The unfortunate thorn in Tangela's side is its sub-par special bulk, which does it no favors against Yanma's STAB moves in Bug Buzz and Air Slash or against common special attacks it's weak to, such as Ice Beam and Fire Blast. The addition of Fairy-types this generation has also increased the usage of offensive Poison-type attacks like Sludge Bomb, and Tangela doesn't take those very well at all either. It should go without saying that while sunlight does greatly benefit Tangela, it also amplifies Tangela's weakness to Fire, which is more exploitable than you would think in some cases. It's unfortunate that Tangela's poorest stat is called Special Defense, because there's certainly nothing special about it, and it's often the key to its downfall. Grass / Poison types such as Foongus or Bulbasaur can come in, shrug off Sleep Powder thanks to the recent Grass-type buff preventing Powder moves from causing a status, and then respond with STAB Poison-type attacks, although they have to take a hit. RestTalk Pokémon don't mind being put to sleep and can fight back undeterred, and Lileep can outlast Tangela fairly well, thanks to Toxic, a neutrality to all of the moves Tangela can fight back with, and immunity to Sleep Powder.

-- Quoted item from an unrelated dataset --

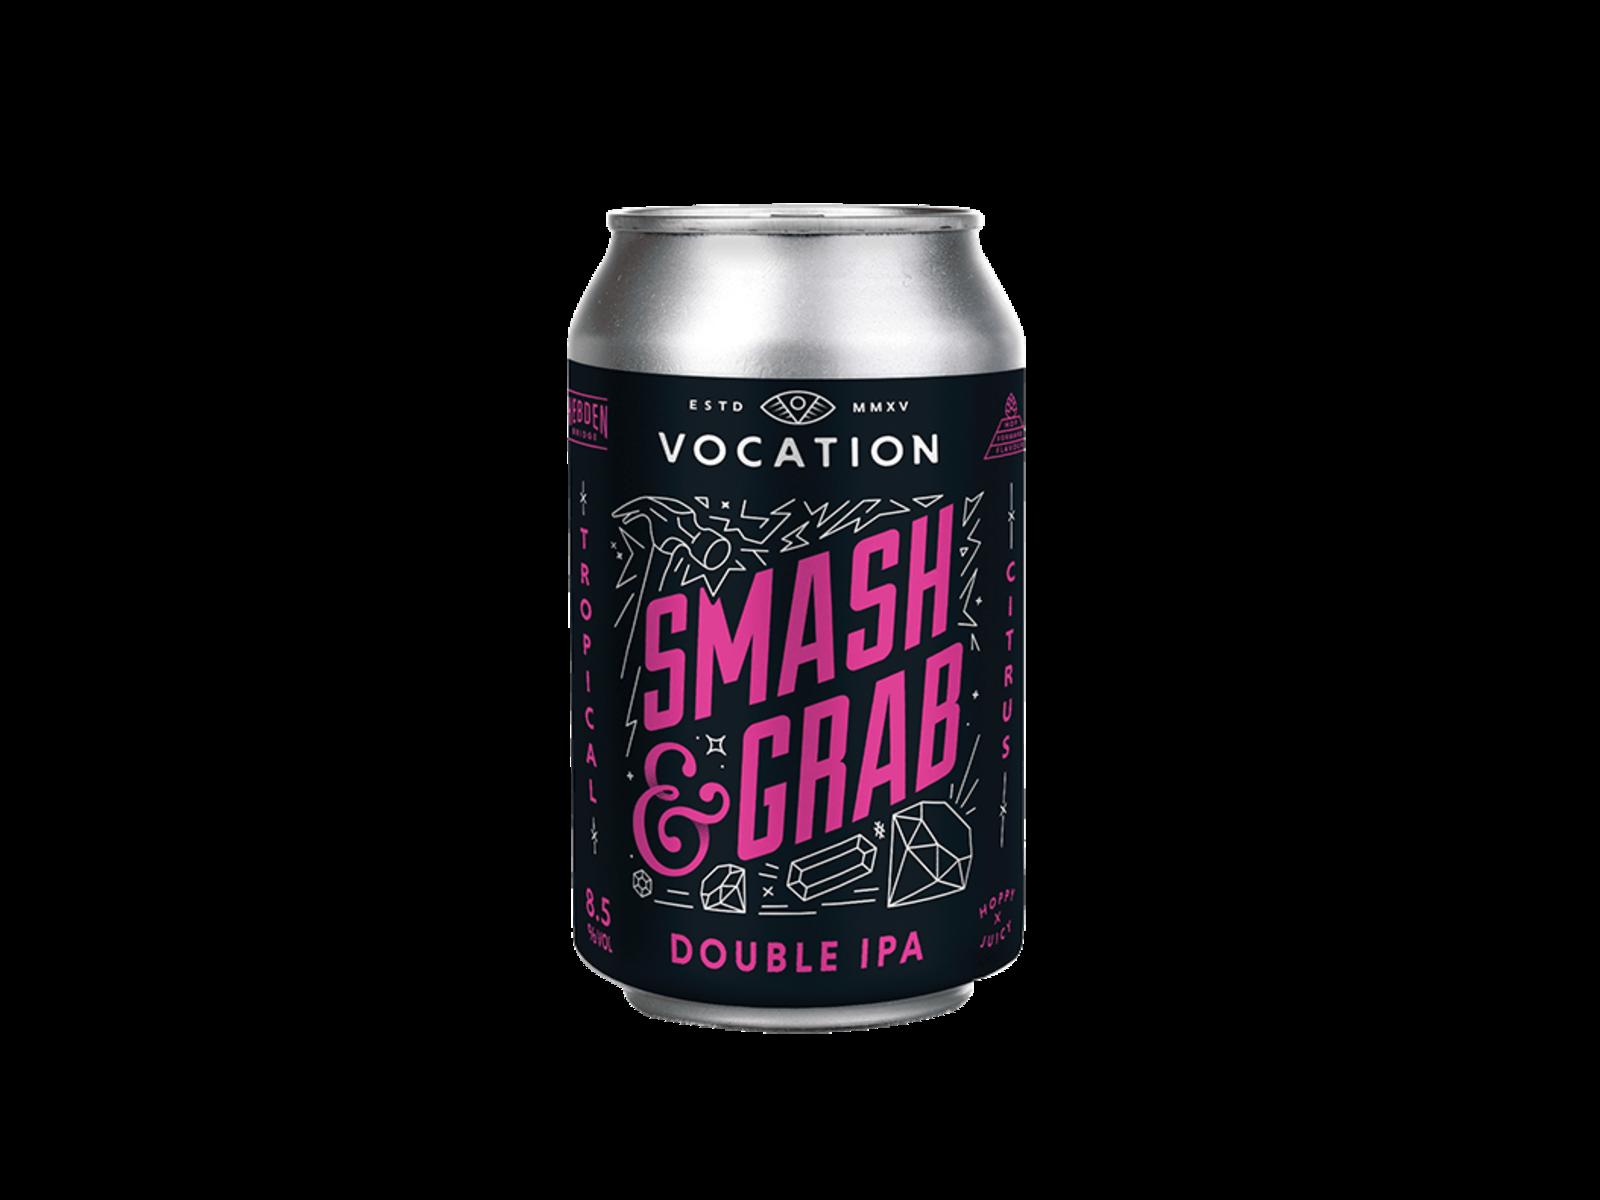 Vocation Smash & Grab - DIPA
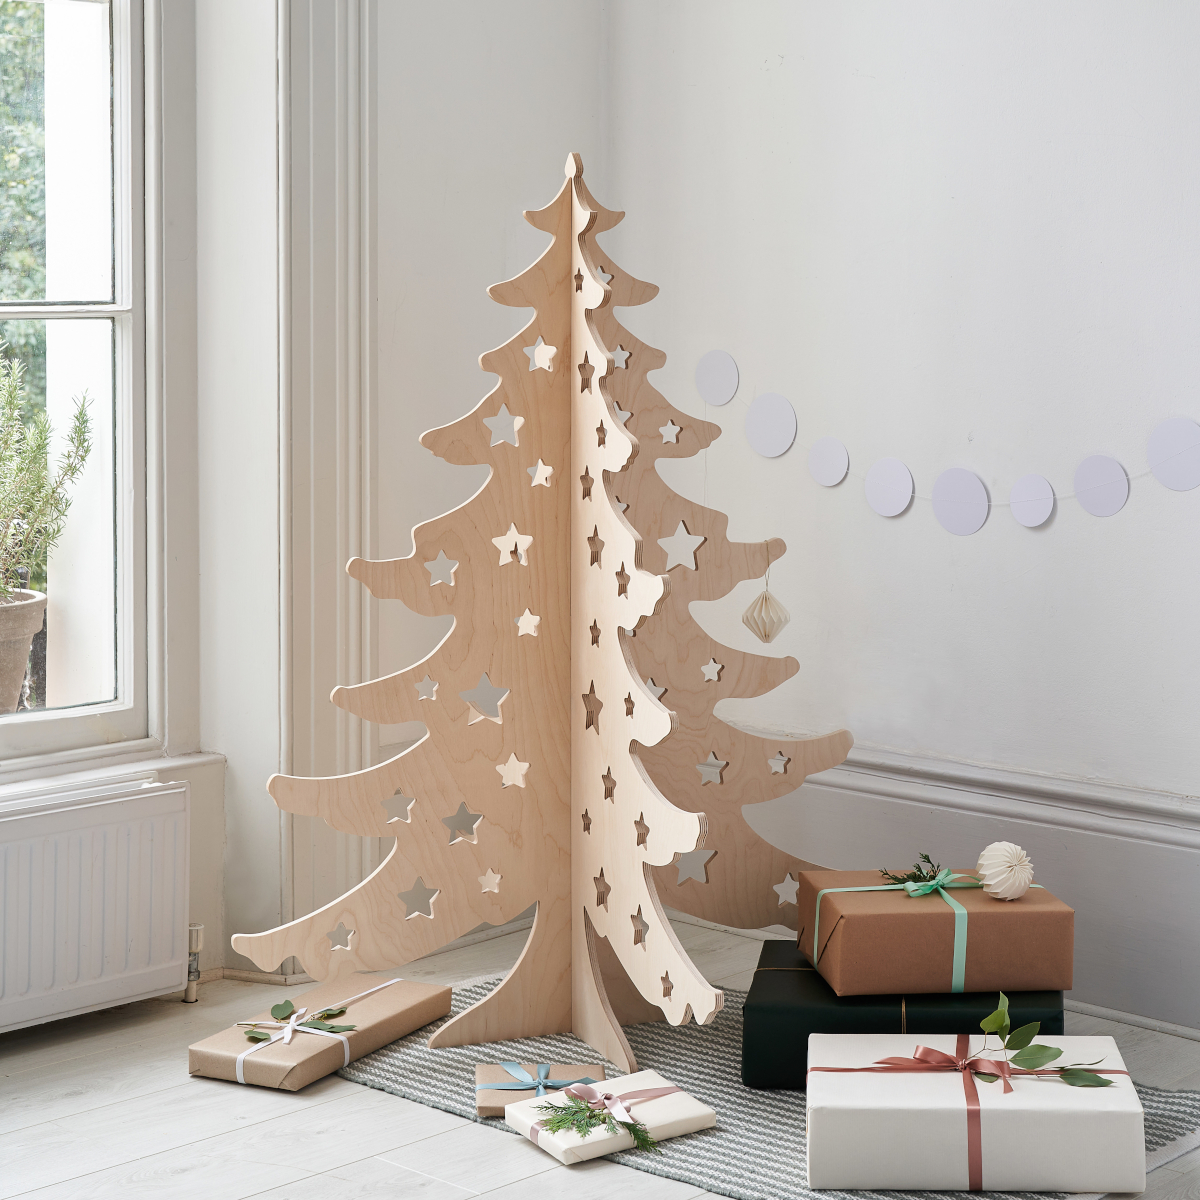 4ft Alternative Wooden Christmas Tree by Bombus

Make no mistake, these unbanned threats are back with a vengeance (with the exception of Tangela and Yanma, who were just banned very recently by the LC council). Each of them is very threatening in their own respective right and it is certainly necessary to be prepared for them, but they are not impossible to defeat. Each of these previously exiled champions has an Achilles' heel, and being able to successfully target the weaknesses of these Pokémon will guarantee that you have an easier time and a more enjoyable experience when playing the XY Little Cup tier. Nothing in Pokémon is truly invincible, and this goes to show that even in a tier called Little Cup, the bigger they are, the harder they fall.